My first few castings (aside from the Cosmo casting) were downright brutal. While my agency was gathering my images together for my portfolio, I had to rely on my comp cards and charm to get me through castings and it wasn’t going well. At my second casting, my American accent literally got me booted from the room.
I was in shock. I had taken three bus transfers (as I was still way too apprehensive to get on a train) and walked at least five kilometers in a downpour to get to this casting and as soon as the word “hello” left my the tip of my tongue, the casting director stopped me.
“Are you an international model?”
“Yes, I actually landed here on Tuesday. I’m from Alaska in the United States.”
“I said no f*cking international models.”
Was she joking? Did she really just curse at me? The other models looked at me with sympathy as I picked up my soaked bag full of wrinkled comp cards and showed myself to the door.

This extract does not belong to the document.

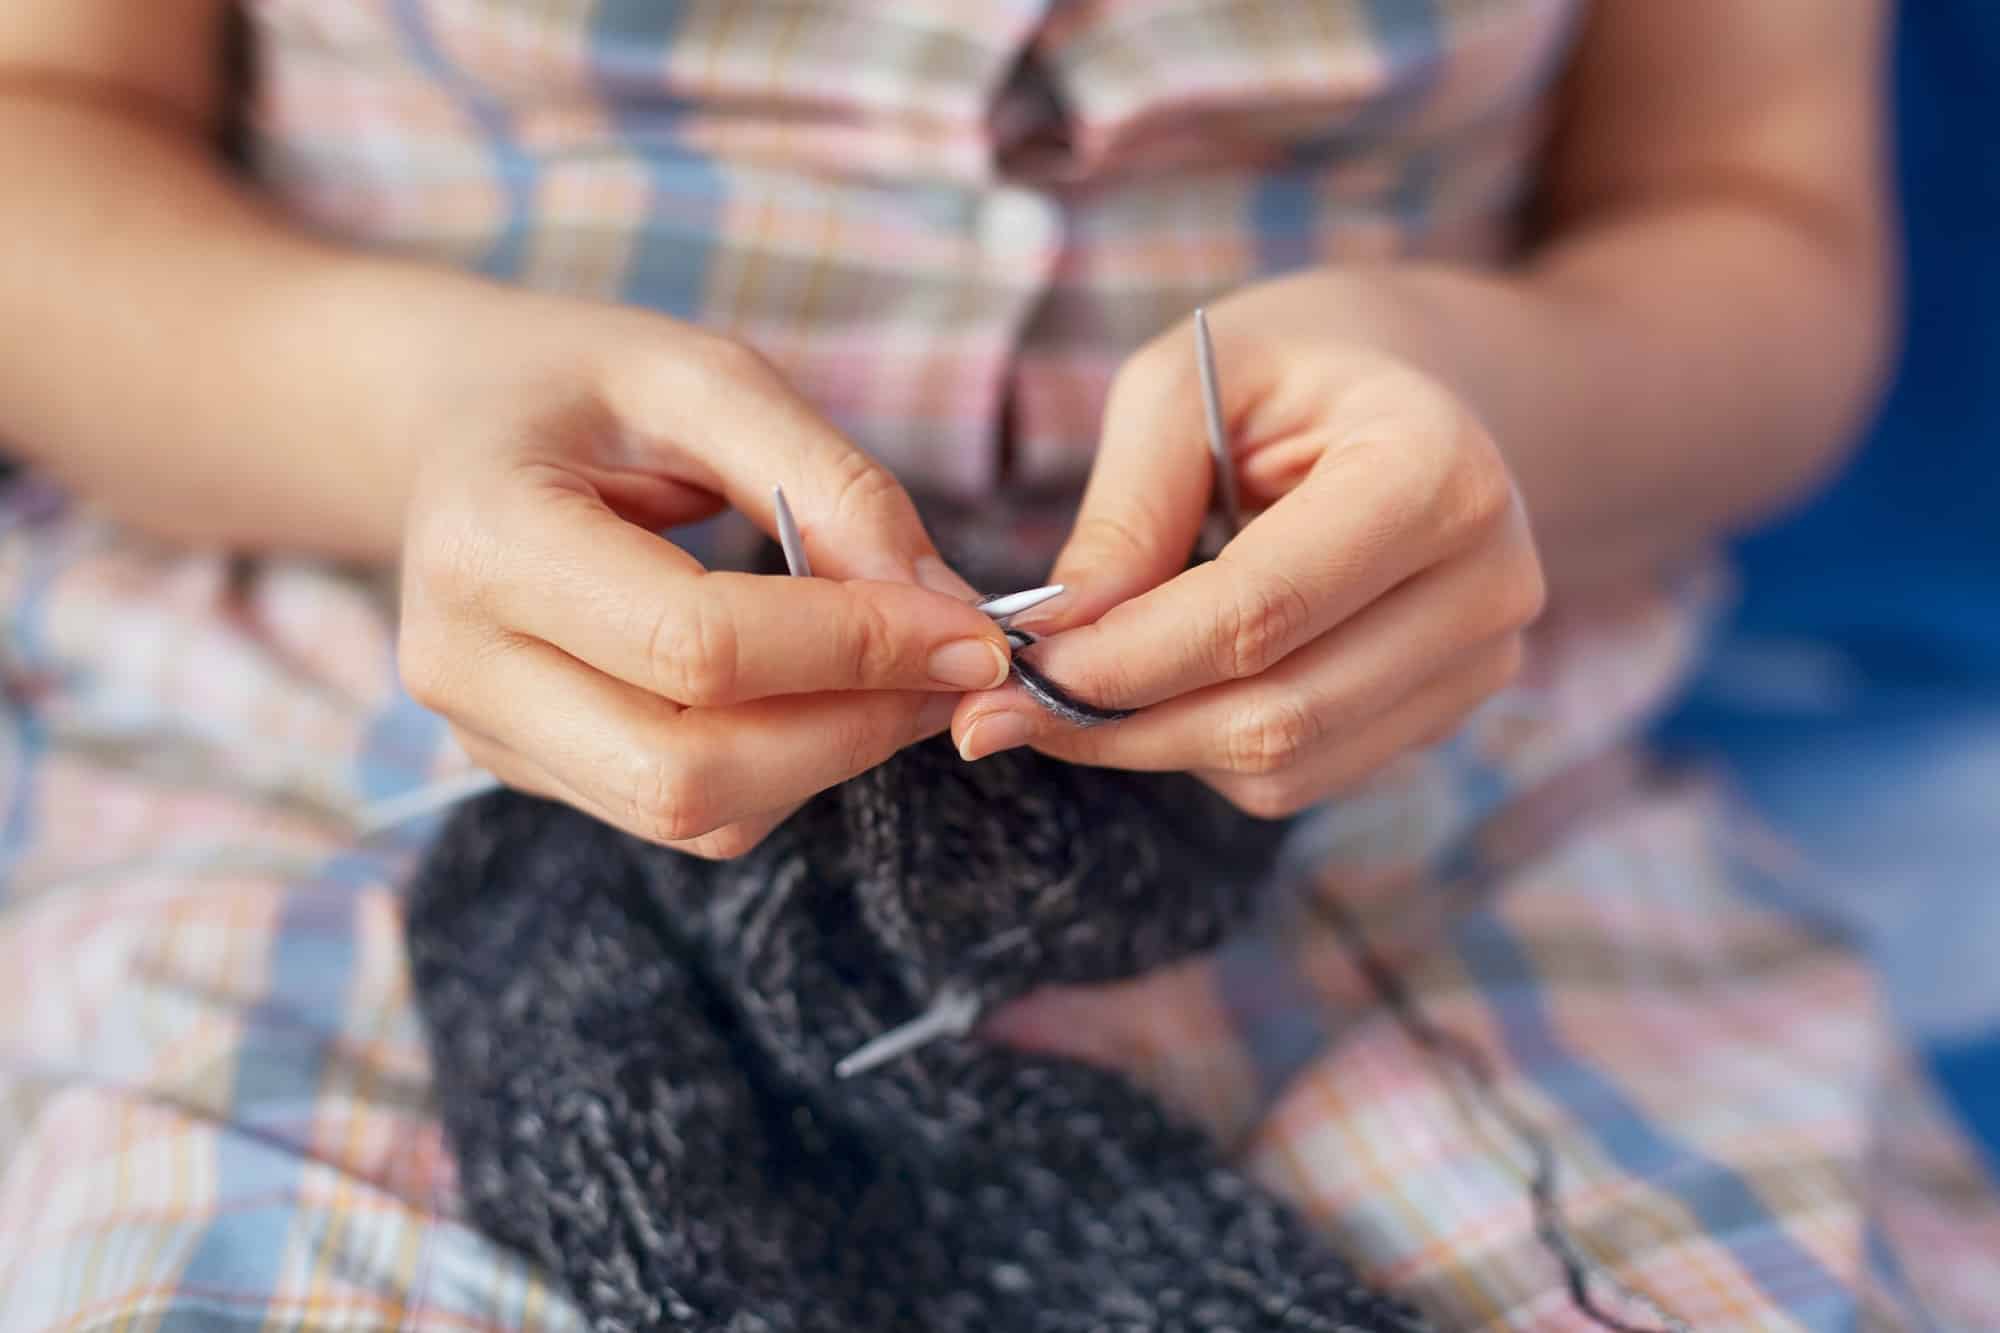 Woman knitting wool socks

A week later, I was at, what I like to call, a “cattle call casting” otherwise known as the worst type of casting. Usually castings are small and intimate, maybe one or two girls at a time. But cattle calls are exactly what they sound like: dozens upon dozens of girls competing for the same job, lining up like cattle in their all black ensembles.
I don’t want to further propagate or confirm the stereotype that models are catty. That simply isn’t true. However, some people are catty and some of those catty people happen to be models and in the small world of modeling, you are bound to run into a few.
A cattle call casting is a breeding ground for cattiness and boy, is it unbearable. The constant stares and up-down glances made me want to shrivel up and crawl away. Then I found out the casting was for underwear, which made things worse because we had to strip down to our skivvies in front of all of the other girls, while hearing their snickers and negative comments audibly. I was nervous, intimidated, and felt extremely uncomfortable. This was exemplified to the casting directors and I did not get the job.
Within the same week, I had a casting for a hair runway show. The casting was inside of a dingy, old bar with red lights illuminating the staircase. I climbed three sets of stairs, careful to watch my step on the dimly lit wood. When I entered the room, about six other models shot their eyes into my direction. A stack of forms sat atop a small coffee table, with questions asking what type of hair we had and if we would be okay with coloring it.
My name was called and I handed the casting director my form. It read: “brunette, wavy, thick and depends on compensation.”
The casting director said, “Oh, a diva, are we?”
I laughed hesitantly, confused as to why not wanting to damage my hair was considered a diva worthy request. He then asked me to walk down a make shift runway. I obliged and stomped my boots up and down the floor, with perfectly measured speed and attitude.
He then said, “Strange to be a diva when you haven’t got a walk.”
Again, I was in shock. He didn’t even want my comp card and told me to keep it. Maybe he was upset I didn’t want to color my hair? Who knew? Needless to say, I also did not get that job.
No two castings are the same, so you never know what to expect. Maybe the casting director wants your hair down and its up. Maybe the casting director wants your face made up and its bare. The margin for error is so small and you may never know why you didn’t book a job.
The scary stories always stand out in our minds because of how they made us feel. I have plenty of positive casting stories. More often than not, casting directors are decent people just doing their jobs and at the end of the day, every model has to realize that.
However, models are still human beings and deserved to be treated with human respect. If any casting director has the unmitigated audacity to patronize me and turn me away, it was never worth my time or heart to work with them anyway. There will always be more jobs. Never compromise your self-esteem; it can take years to repair.